Pharmacogenetic differences in response to albuterol between Puerto Ricans and Mexicans with asthma.

By: Choudhry S, Ung N, Avila PC, Ziv E, Nazario S, Casal J, Torres A, Gorman JD, Salari K, Rodriguez-Santana JR, Toscano M, Sylvia JS, Alioto M, Castro RA, Salazar M, Gomez I, Fagan JK, Salas J, Clark S, Lilly C, Matallana H, Selman M, Chapela R, Sheppard D,

Am J Respir Crit Care Med 2005 Mar 15;171(6):563-70

BACKGROUND: In the United States, Puerto Ricans and Mexicans have the highest and lowest asthma prevalence, morbidity, and mortality, respectively. Ethnic-specific differences in the response to drug treatment may contribute to differences in disease outcomes.
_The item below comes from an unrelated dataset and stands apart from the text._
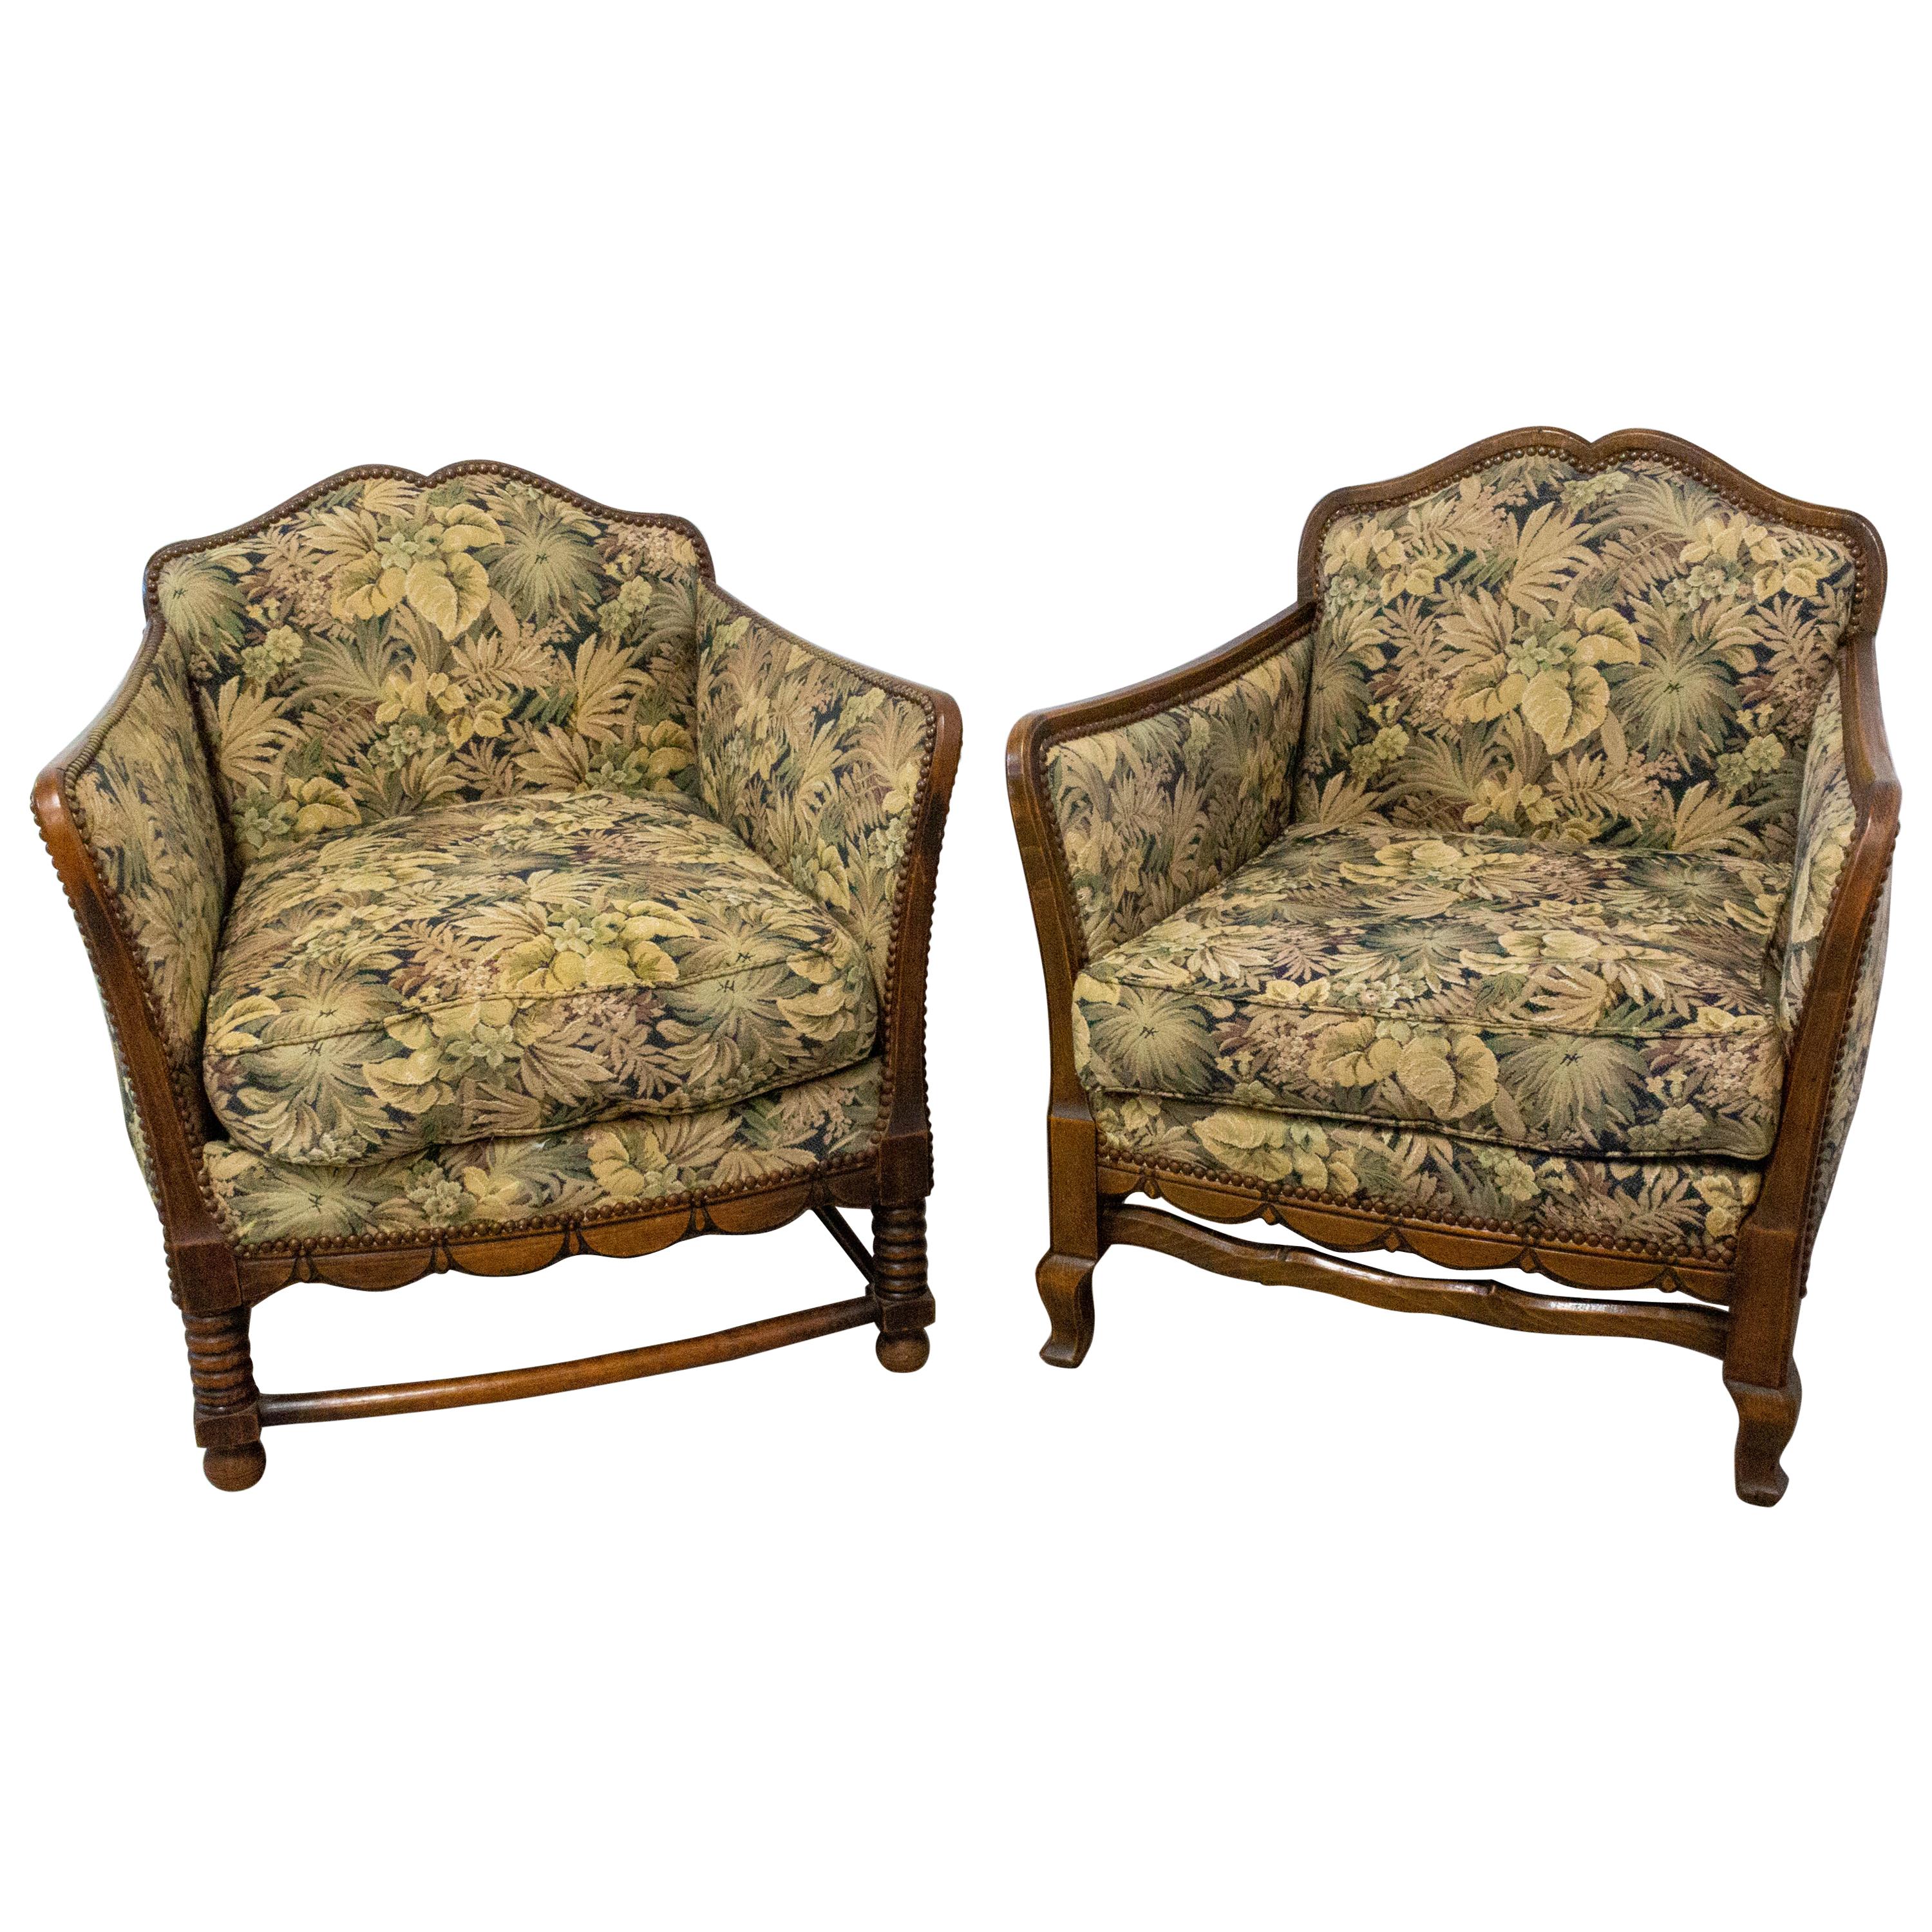 Pair of Beech Armchairs French, to Be Re-Upholstered Early 20th Century

Genetic variants at the beta(2)-adrenergic receptor (beta(2)AR) may modify asthma severity and albuterol responsiveness. We tested the association of beta(2)AR genotypes with asthma severity and bronchodilator response to albuterol in Puerto Ricans and Mexicans with asthma. METHODS: We used both family-based and cross-sectional tests of association with 8 beta(2)AR single nucleotide polymorphisms in 684 Puerto Rican and Mexican families. Regression analyses were used to determine the interaction between genotype, asthma severity, and bronchodilator drug responsiveness. RESULTS: Among Puerto Ricans with asthma, the arginine (Arg) 16 allele was associated with greater bronchodilator response using both family-based and cross-sectional tests (p = 0.00001-0.01). We found a strong interaction of baseline FEV(1) with the Arg16Glycine (Gly) polymorphism in predicting bronchodilator response. Among Puerto Ricans with asthma with baseline FEV(1) < 80% of predicted, but not in those with FEV(1) > 80%, there was a very strong association between the Arg16 genotype and greater bronchodilator responsiveness. No association was observed between Arg16Gly genotypes and drug responsiveness among Mexicans with asthma. CONCLUSIONS: Ethnic-specific pharmacogenetic differences exist between Arg16Gly genotypes, asthma severity, and bronchodilator response in Puerto Ricans and Mexicans with asthma. These findings underscore the need for additional research on racial/ethnic differences in asthma morbidity and drug responsiveness.